# Query Search Index

This notebook contains the code to pull down the data from the search index. This is particularly useful for building and monitoring custom skills. 

Please set the api_key and url here. It should not be checked into source control.

In [None]:
# Copyright (c) Microsoft Corporation. All rights reserved.
# Licensed under the MIT License.

api_key = ''

In [None]:
import requests
import pandas as pd

## 1.0 Define function to pull data down from search index
#### query_search_index() takes in three parameters:

 1. **url**: The url should be in the format of "https://{search-service-name}.search.windows.net/indexes/{index-name}/docs?".
 2. **api_key**: API key can be found in the Azure Portal. 
 3. **all_rows**: Optional. The default value is False. If False, the function will return the first 50 records. If True, all rows will be returned. Depending on the size of our index this can be time consuming.
 
Additional customization can be done: for more information please see the Azure Search Rest API Documentation at https://docs.microsoft.com/en-us/rest/api/searchservice/search-documents

In [None]:
def query_search_index(url, api_key, all_rows=False):
    headers = {'api-key': api_key,
               'Content-Type': 'application/json'}
    params = {'api-version': '2017-11-11',
              'search': '*'}
    r = requests.get(url, params = params, headers = headers)

    docs = pd.DataFrame(r.json()['value'])

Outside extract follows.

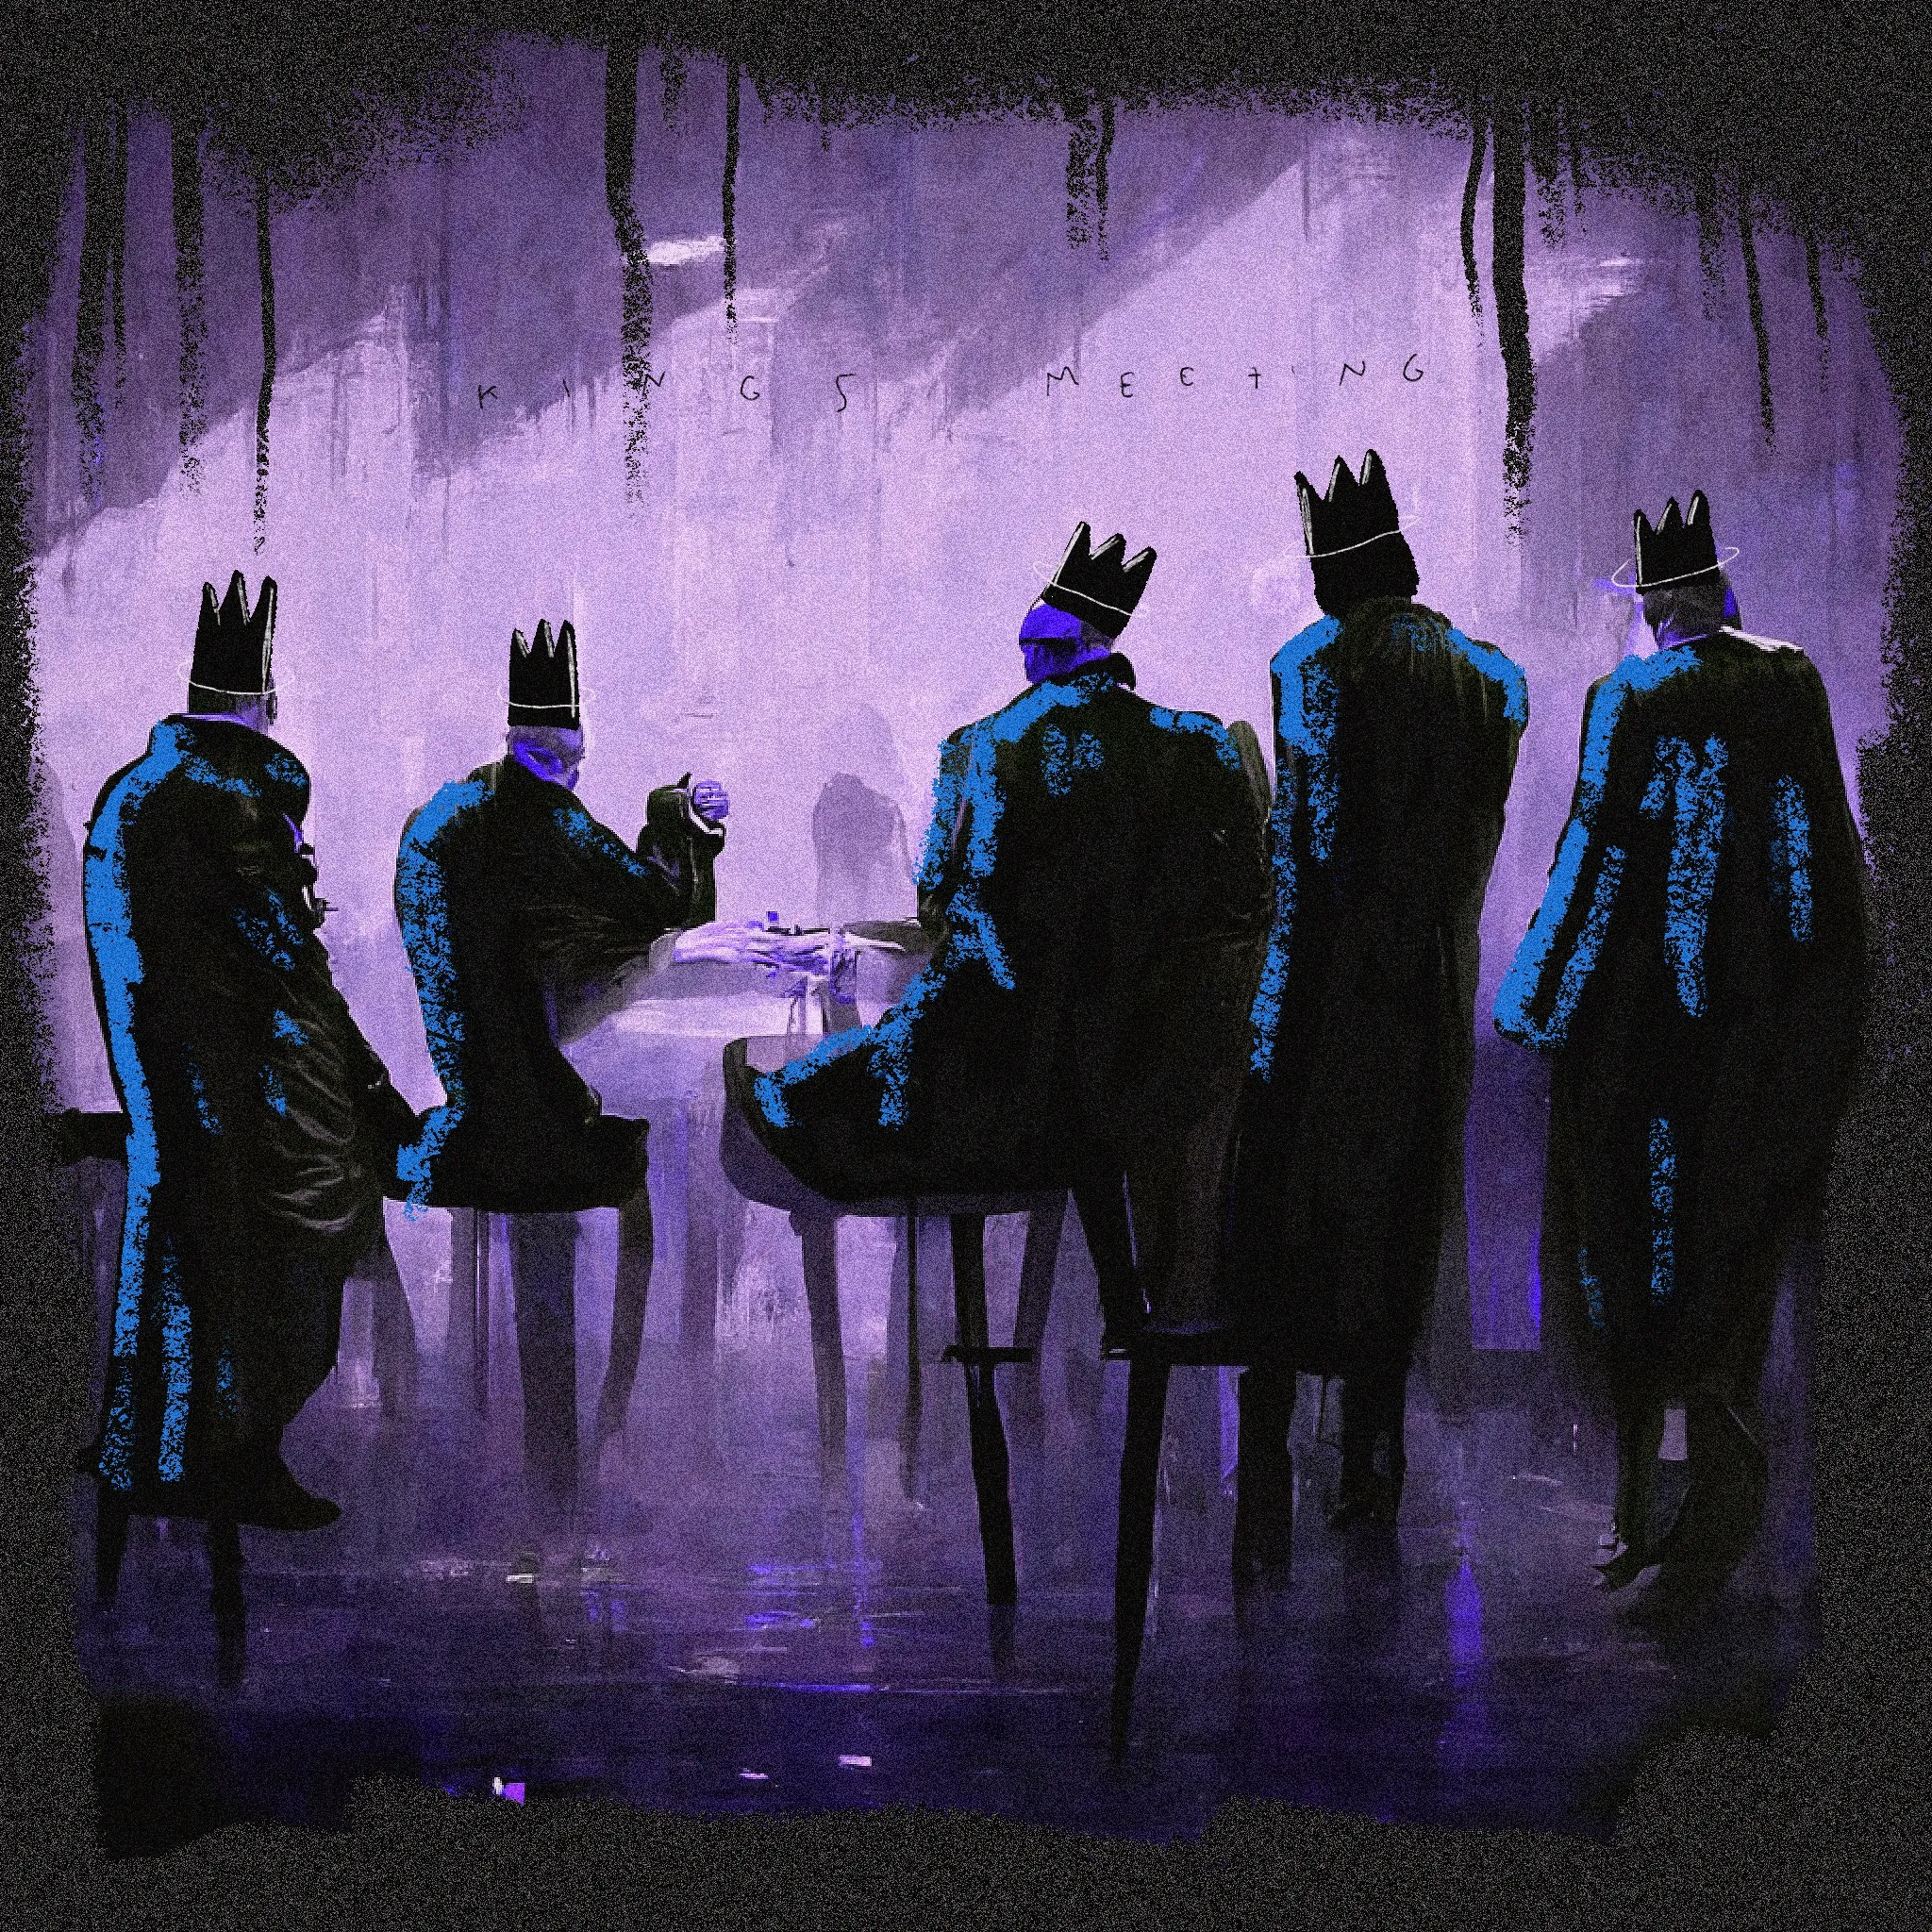 King's meeting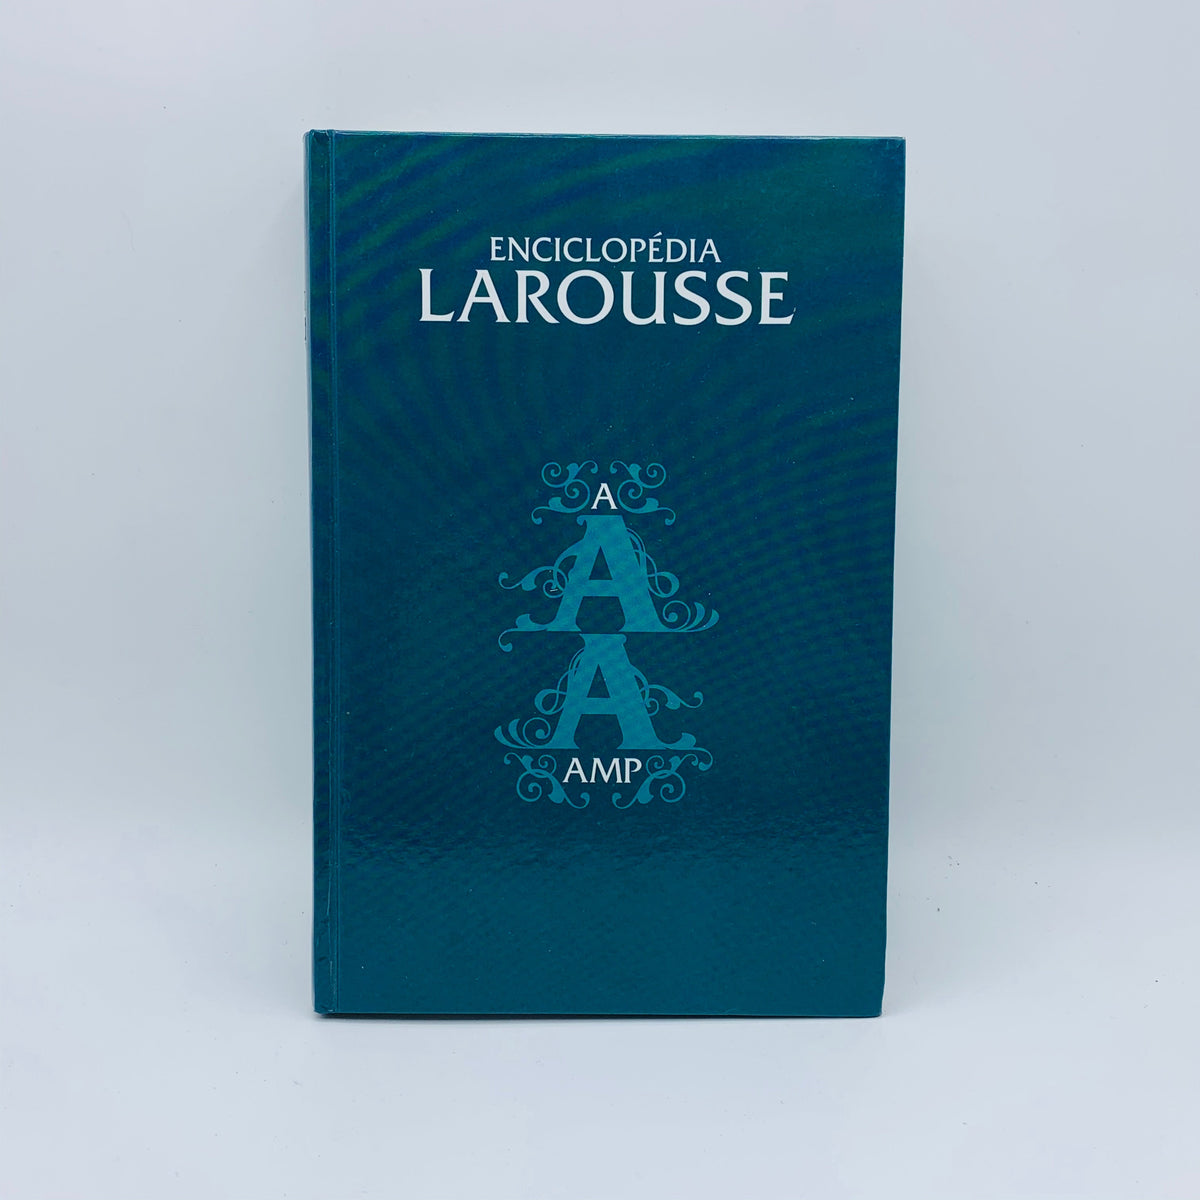 Enciclopédia Larousse - A: AMP - Stuff Out

    #Strip whitespace from the column names
    docs.columns = docs.columns.str.strip()
    print(r)
    
    if not all_rows:
        return docs
    else:
        docs_list = [docs]
        while '@odata.nextLink' in r.json():
            r = requests.get(r.json()['@odata.nextLink'], headers = headers)
            docs = pd.DataFrame(r.json()['value'])
            #Strip whitespace from the column names
            docs.columns = docs.columns.str.strip()
            docs_list.append(docs)

        df = pd.concat(docs_list)
        return df


# 2.0 Query Search Index

In [None]:
url = "https://{search-service-name}.search.windows.net/indexes/{index-name}/docs?"
df = query_search_index(url, api_key)

# 3.0 Explore Data

In [None]:
len(df)

In [None]:
df.head()